= Plaskett's Puzzle =

Chess endgame study

Plaskett's Puzzle is a chess endgame study created by the Dutch endgame composer Gijs van Breukelen (February 27, 1946 – December 21, 2022) around 1970, although not published at the time. Van Breukelen published the puzzle in 1990 in the Netherlands chess magazine Schakend Nederland. It was presented by English grandmaster James Plaskett, at a top-flight chess tournament in Brussels in 1987, hence the name "Plaskett's Puzzle". According to contemporary accounts, of the several strong grandmasters who analyzed the position, only former World Champion Mikhail Tal was able to solve it.

While the solution is striking, the study was found to be flawed in that White has no immediately decisive continuation if Black plays 4...Kg4 rather than the obvious 4...Nf7+. This issue may be fixed by instead placing Black's g5 knight on h8 or e5, or by adding a white pawn on h2, but the flawed version of the study demonstrated by Plaskett and published by van Breukelen remains the best known.

==Solution==

1.Nf6+ Kg7
If 1...Kg6 2.Bh5+ followed by 3.d8=Q, as the bishop now covers the forking square f7.

2.Nh5+ Kg6
If 2...Kf7 3.d8=Q wins; if 2...Kh7 3.Bc2+ forces the king on to the back rank, allowing d8=Q+ and mate in a few moves.

3.Bc2+!!
This move is difficult for chess engines to find.

3...Kxh5 4.d8=Q! Nf7+
The obvious move, and the intent of the composer; however, 4...Kg4 puts up much stiffer resistance. (5.Qf6 wins, according to Ehn and Kastner, but the win is not intuitively clear). If the problem is set with the knight on h8, then 4...Kg4 can be met by 5.Qh4+ with mate soon to follow.

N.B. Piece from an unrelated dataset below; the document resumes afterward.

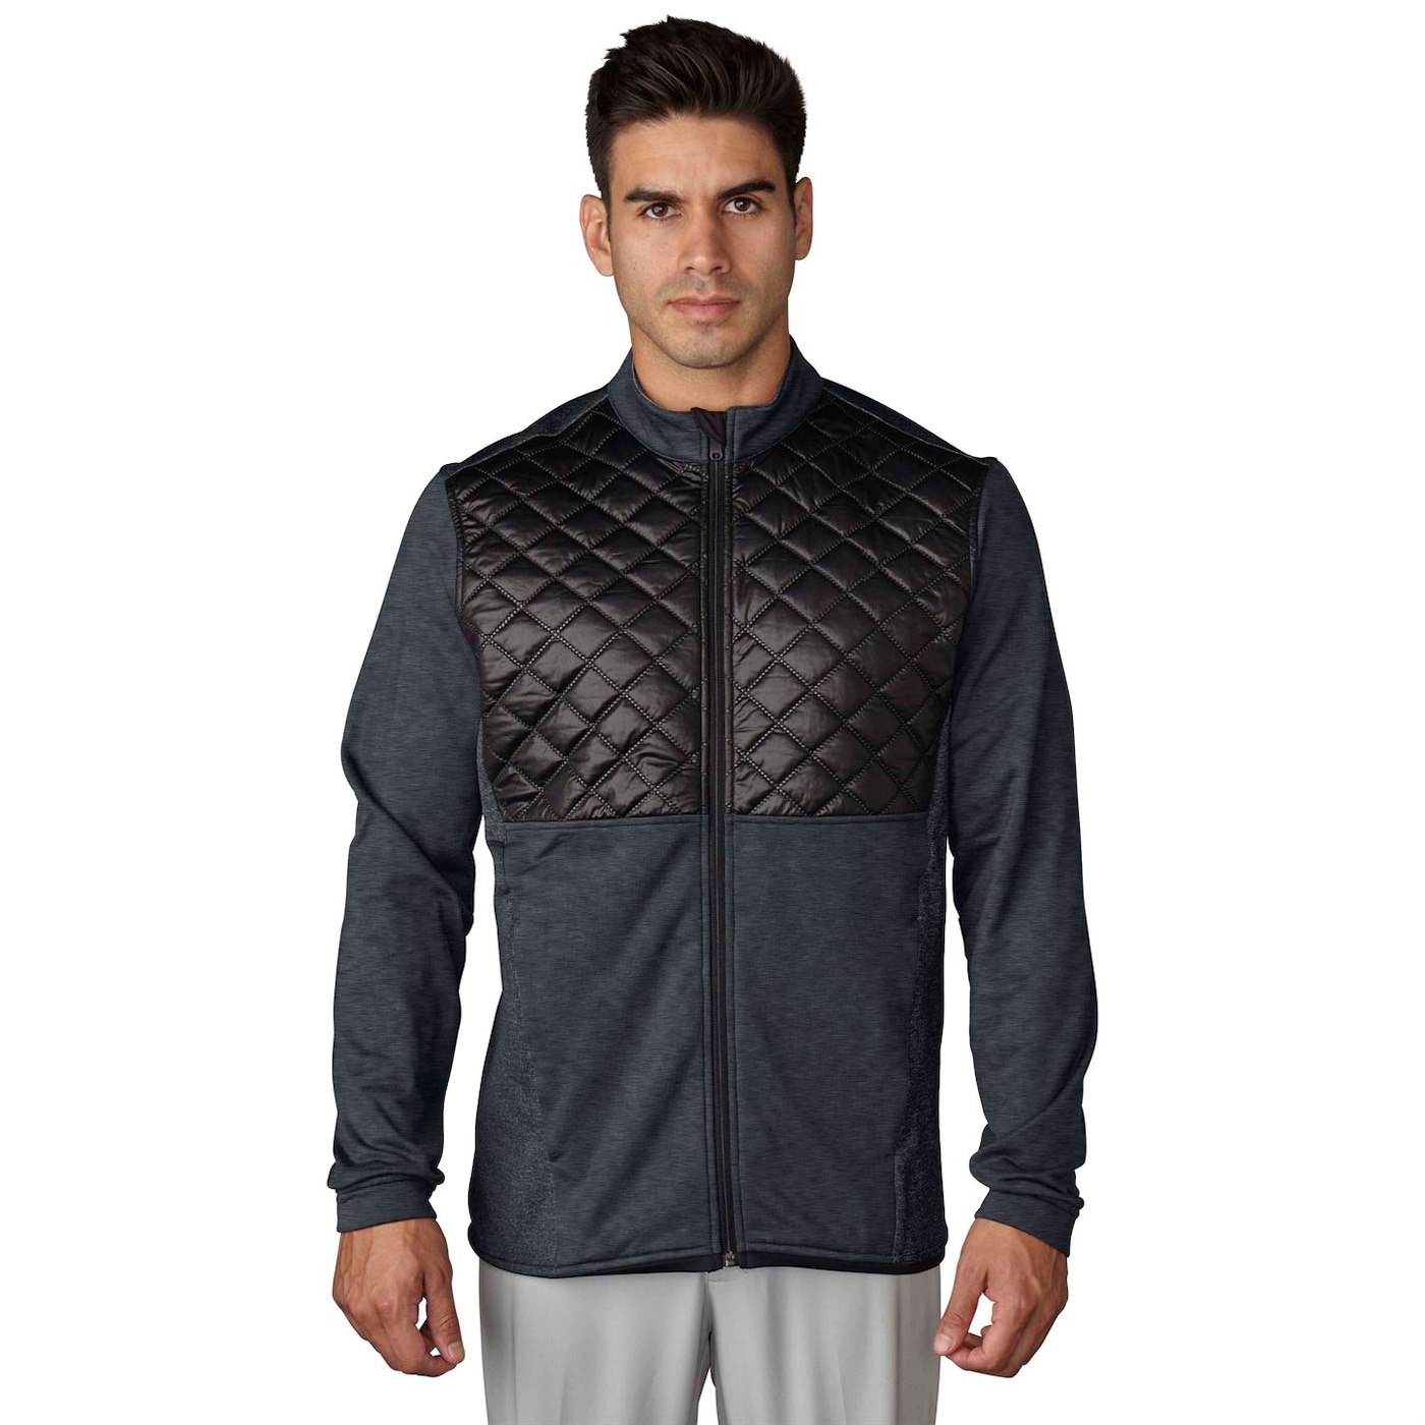 Adidas Prime Jacket Mens
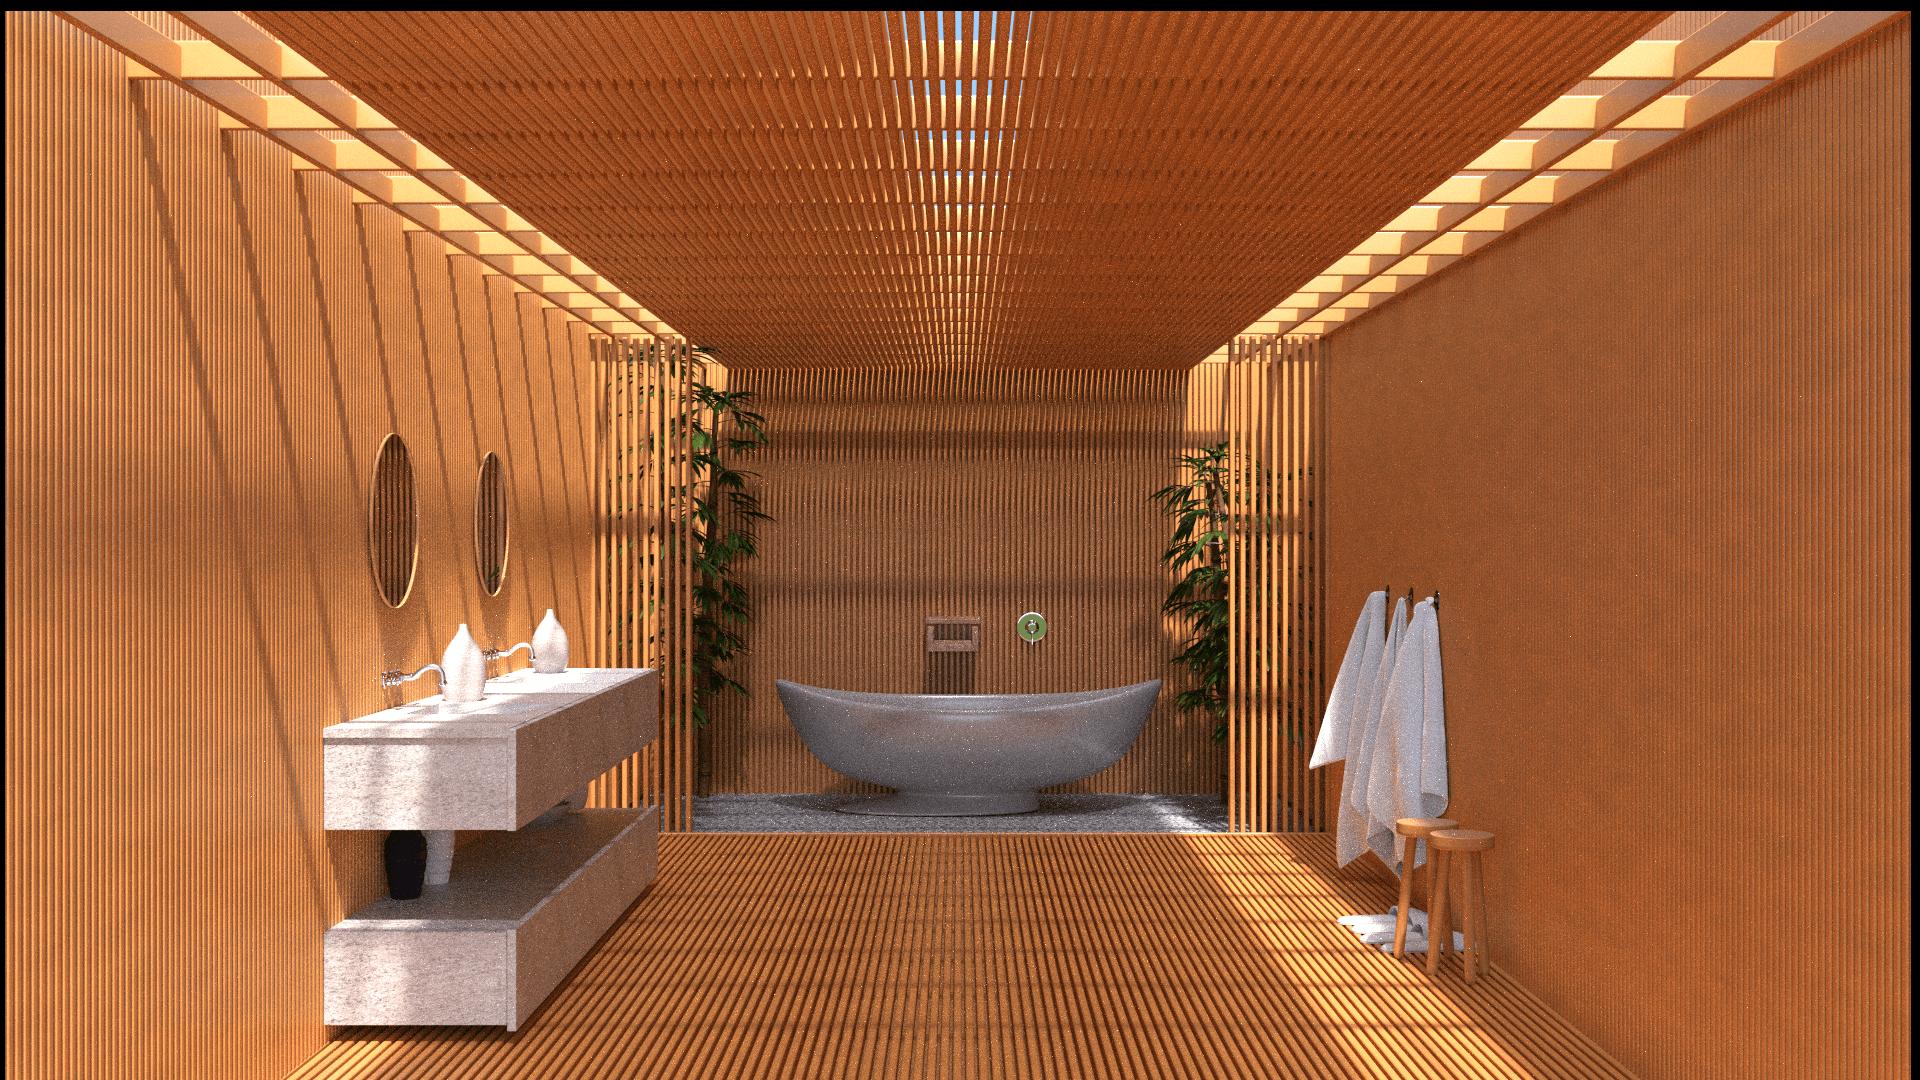 Bathroom Design Where To Start Interior Design Design News And Architecture Trends

Roberto Balzan suggests an alternative way to repair the study, by adding a white pawn on h2 in the initial position; then 4...Kg4 can be met with 5.Qf6! Kh3 6.Qxh6+ Kg2 7.Qxg5 and White wins easily.

5.Ke6 Nxd8+ 6.Kf5
White threatens Bd1+. There now follows a remarkable zigzag manoeuvre by the bishop, Black defending against the mating threats by twice to a knight to cover the mating square, until there is no further defence.

6...e2 7.Be4 e1=N 8.Bd5 c2 9.Bc4 c1=N 10.Bb5 Nc7
Black can delay the inevitable mate by one move by 10...Nc6.

11.Ba4 1–0

Mate in 3 by Bd1 cannot be prevented, for example 11...Ne2 12.Bd1 Nf3 13.Bxe2 and 14.Bxf3# or 11...Nb3 12.Bxb3 Nc2 13.Bxc2 and 14.Bd1#.